## DATA EXCERPT
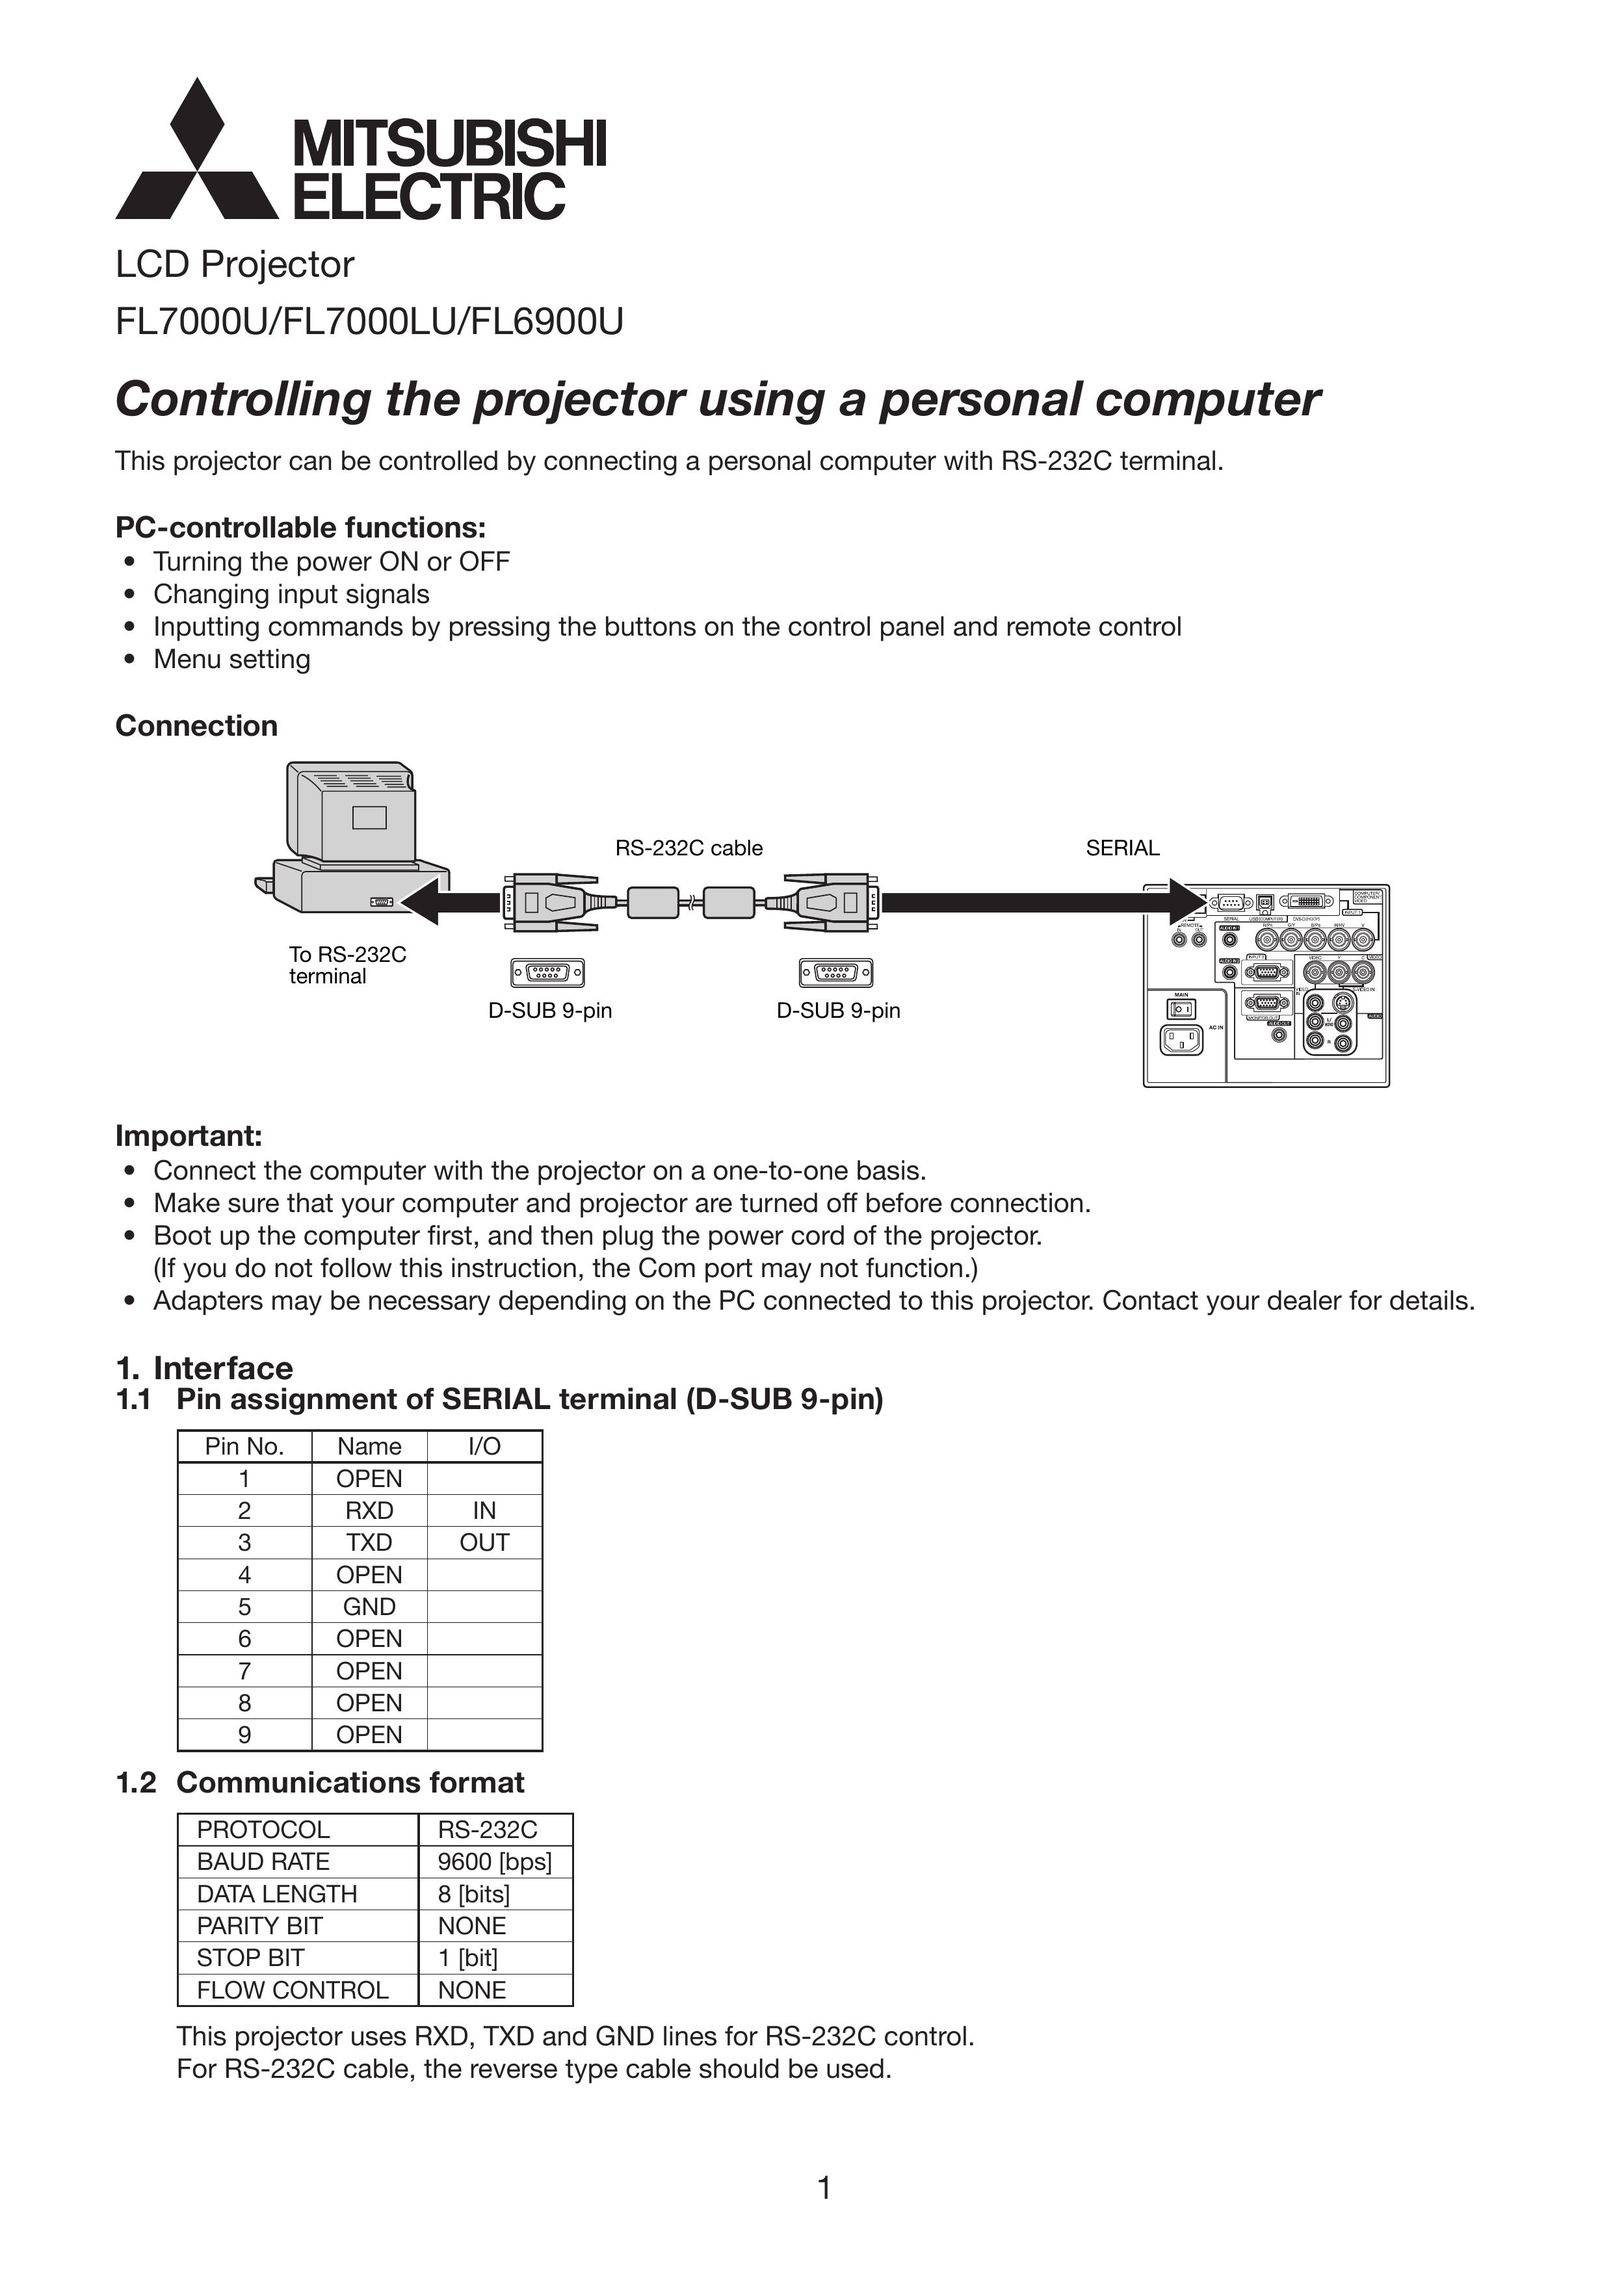 Mitsubishi Electronics FL6900U Projector User Manual
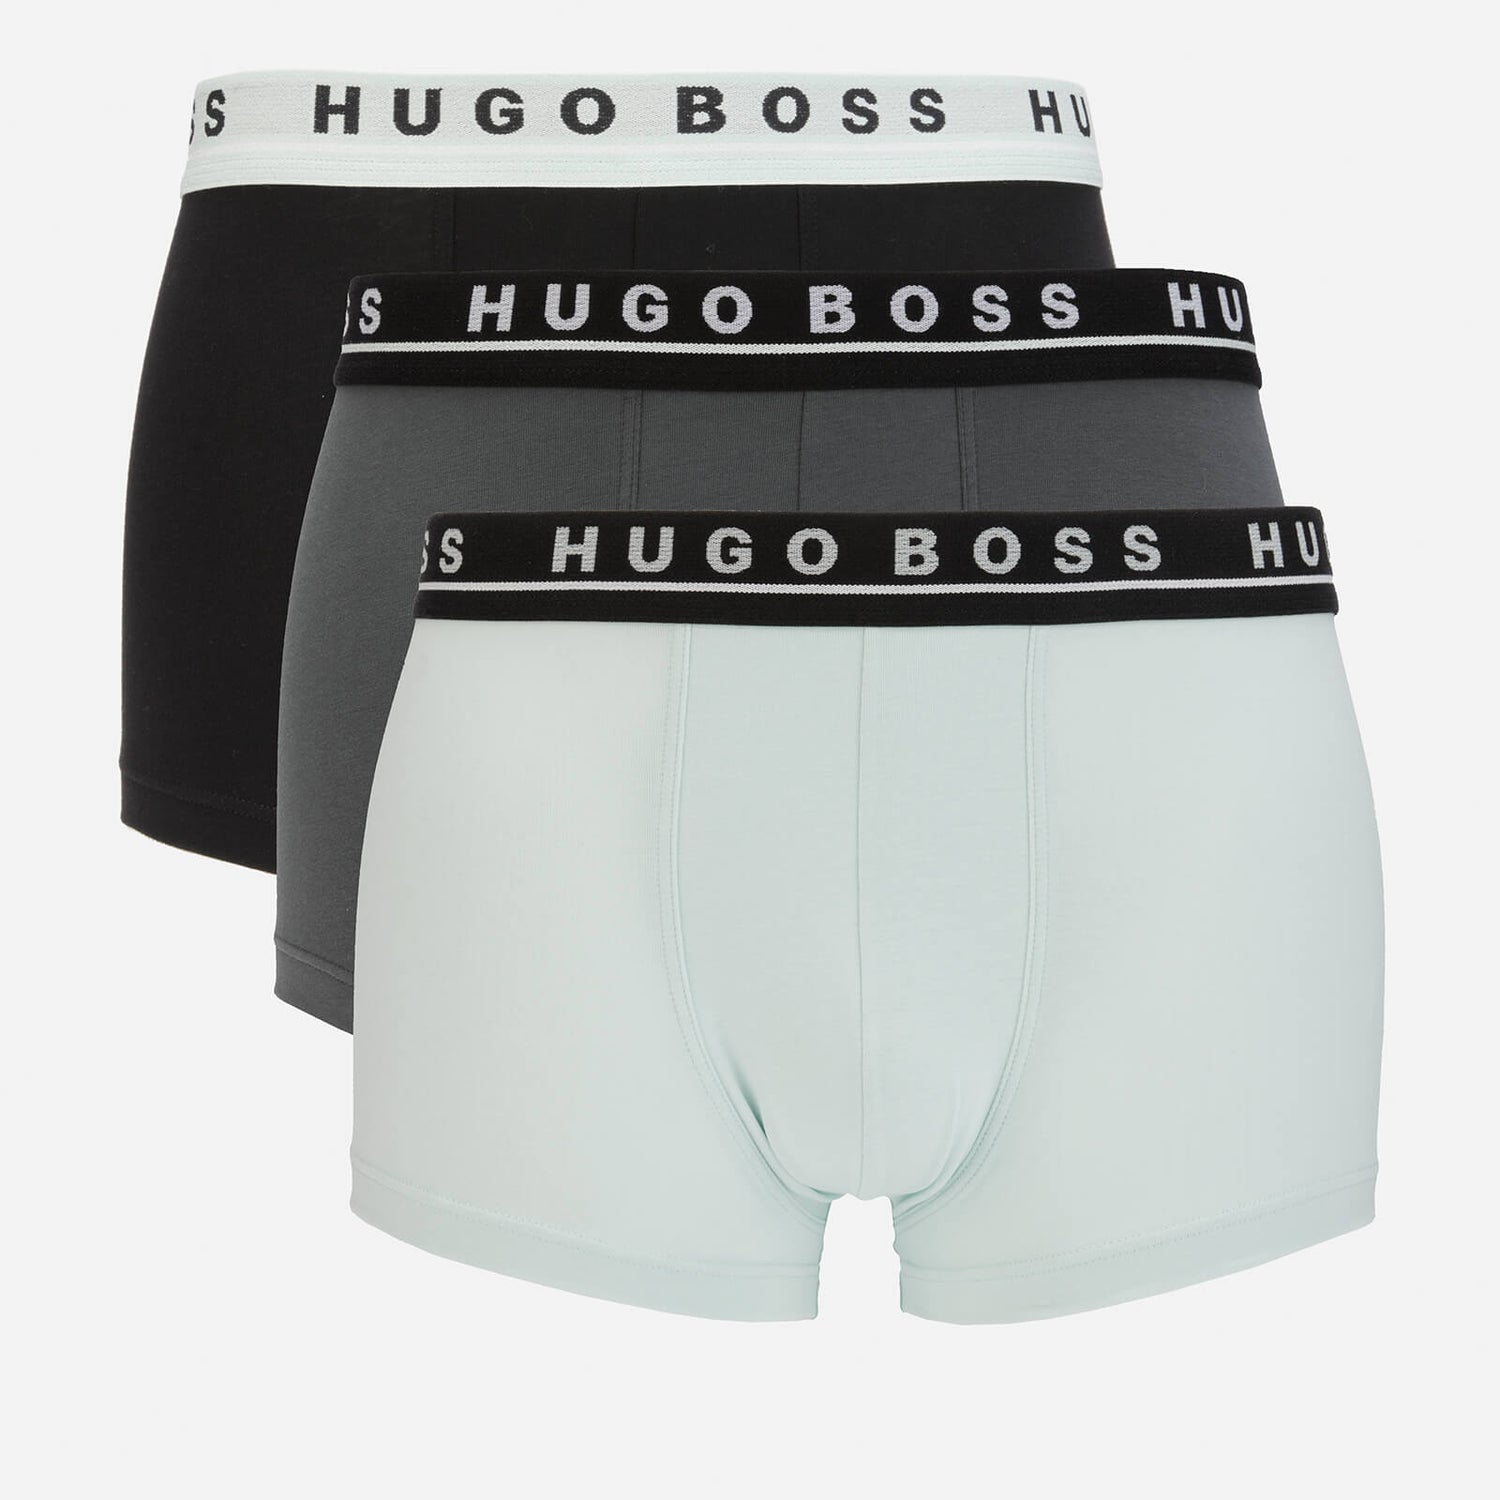 BOSS Bodywear Men's 3 Pack Trunk Boxer Shorts - Grey/Black/Mint
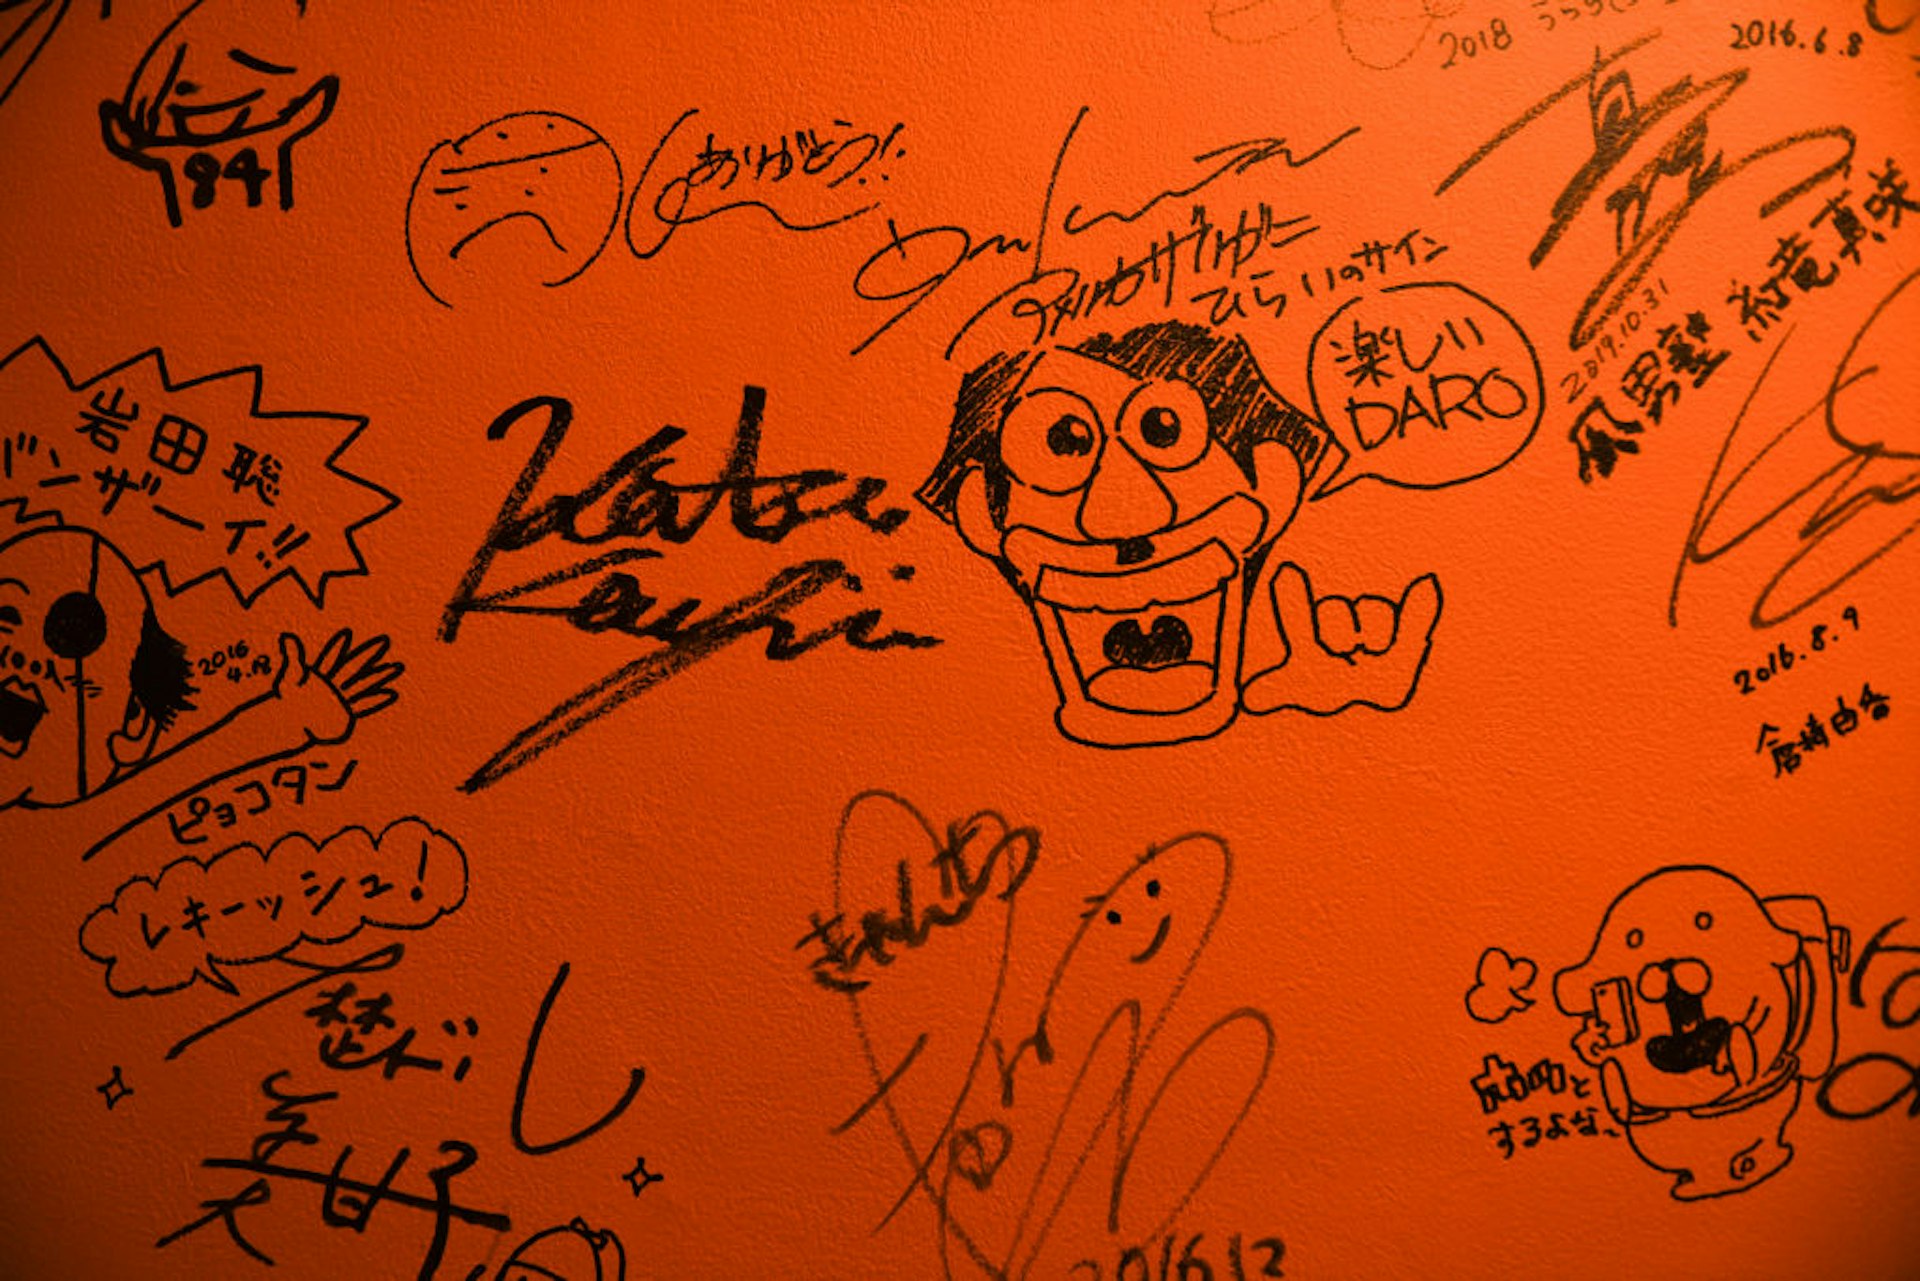 Autographs signed on a bathroom wall inside 84

## ACTIVITY
Make an exact copy of the whole listing, but don't bring over any pictures.

## ANSWER FOR THE TASK
 Mitsubishi Electronics FL6900U Projector User Manual
 BOSS Bodywear Men's 3 Pack Trunk Boxer Shorts - Grey/Black/Mint
 Autographs signed on a bathroom wall inside 84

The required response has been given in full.